Abends zum Italiener? Klar, ins „Fantastico“, und danach noch auf einen Cocktail ins nahe „Peppers“. Aber diese Zeiten sind vorbei. Die Gastro-Szene in der Homburger Innenstadt ist derzeit in Bewegung wie lange nicht mehr. Ein Überblick ohne Anspruch auf Vollständigkeit:

Fantastico: Traurig wacht Michaelangelos David über das leere Lokal, Glaskisten stehen auf dem Boden, draußen die Stühle aufeinander. Nach vielen Jahren hat das italienische Restaurant an der Ecke Audenstraße/Elisabethenstraße geschlossen. Ein Teil der Mannschaft serviert schon seit einiger Zeit in der „Villa Fantastico“, Kaiser-Friedrich-Promenade/ Ecke Schwedenpfad.
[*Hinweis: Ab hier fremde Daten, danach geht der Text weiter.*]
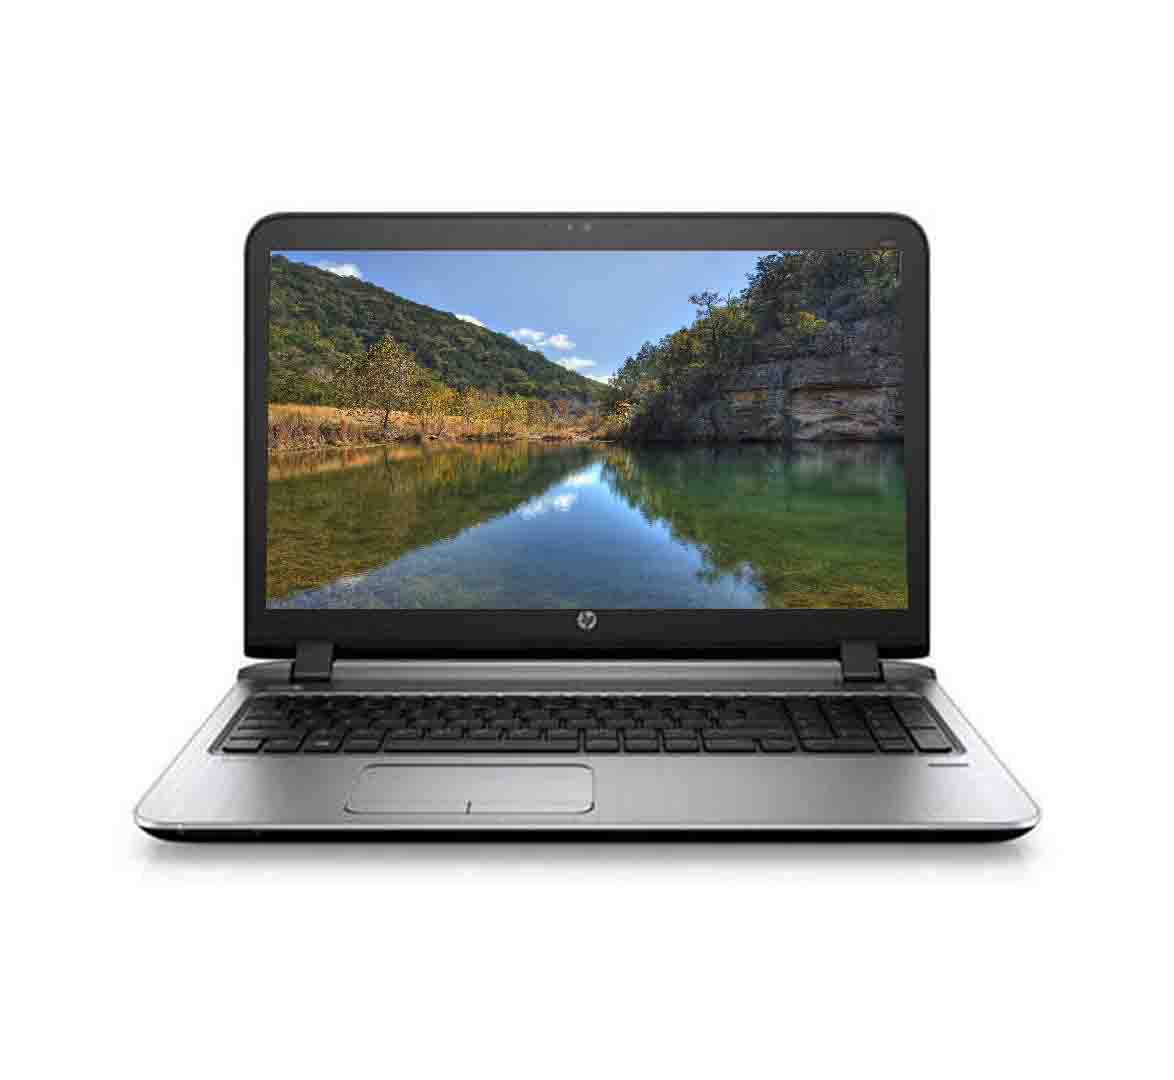 HP ProBook 450 G3 Business Laptop, Intel Core i5-6th Generation

Kaiserliche Küchenmeisterei: Nicht sehr lange wurde auf dem Schulberg ungarisch und böhmisch gekocht. In dem bereits 1680 als Gasthaus erwähnten Gebäude auf dem Schulberg 6, dem einstigen „Zum Einhorn“, gab es bis Anfang Juli Sauerkrautsuppe, böhmische Kartoffelklöße und Marillenknödel. Doch nun hängt bereits ein neues Namensschild am Lokal: „Atelier del Gusto“. Dahinter stecken ebenfalls Gastronomen aus dem früheren „Fantastico“ – darunter der aus Sardinien stammende Koch. „Derzeit räumen wir ein, und Anfang, Mitte nächster Woche machen wir schon auf“, berichtet Maria Miliziano. Das Besondere: Auf dem Schulberg werden sich sardische und sizilianische Küche verbinden. Auch Feiern sind möglich: „Wir haben schon einige Reservierungen für Hochzeiten und zum Schulanfang“, erzählt die Sizilianerin – direkt gegenüber befindet sich das Standesamt.

Kleiner Kolibri: Man muss es wissen. Dort, wo der Schulberg in die Louisenstraße übergeht, weist nur ein kleiner Aufsteller auf die Idylle im Hinterhof hin. Dort kann man auf bunten Stühlen zwischen Blumen veganen Milchkaffee trinken. Der „Kolibri“ ist wieder in Bad Homburg gelandet. Die Macher des Café „Apfelkern & Kolibri“, das erst im oberen Schwedenpfad und von 2015 bis Mai 2018 im ehemaligen Altstadt-Café ansässig war, haben dank der Homburger Märchenerzählerin Michaele Scherenberg im Hinterhof der Louisenstraße 3 ein neues, schnuckliges Domizil gefunden. Drinnen mutet das kleine Café an wie ein Wohnzimmer: Bücherregale, Kronleuchter, Teppich. Die „gute Stube“ hat allerdings nur dienstags bis samstags von 11 bis 18 Uhr geöffnet. Frühstück und Brunch gibt es demnach nicht mehr. „Mit den Öffnungszeiten kommen wir den Nachbarn entgegen“, erklärt Cafébetreiber Gian Pöschko.

Die früheren Räume des 2013 geschlossenen Altstadt-Cafés in der Mußbachstraße stehen nach wie vor leer; dem Vernehmen nach sollen dort Wohnungen entstehen.

Louise 26: Temma hieß der Bio-Supermarkt, der eine Zeitlang im früheren Rewe-Markt in der oberen Louisenstraße zu finden war. Den gibt es nicht mehr; in dem hohen Raum mit modernem Industrie-Charme werden jetzt trendige Haushaltsgegenstände und Schuhe verkauft. Vorne werden nach wie vor Kaffee ausgeschenkt und kleine Speisen serviert – auch draußen.

Peppers: Die Außengastromie auf dem Waisenhaus wurde in den vergangenen Jahren wesentlich durch die Bar mit mexikanischem Einschlag bestimmt. Jetzt ist das Lokal geschlossen, ein neuer Pächter wird gesucht.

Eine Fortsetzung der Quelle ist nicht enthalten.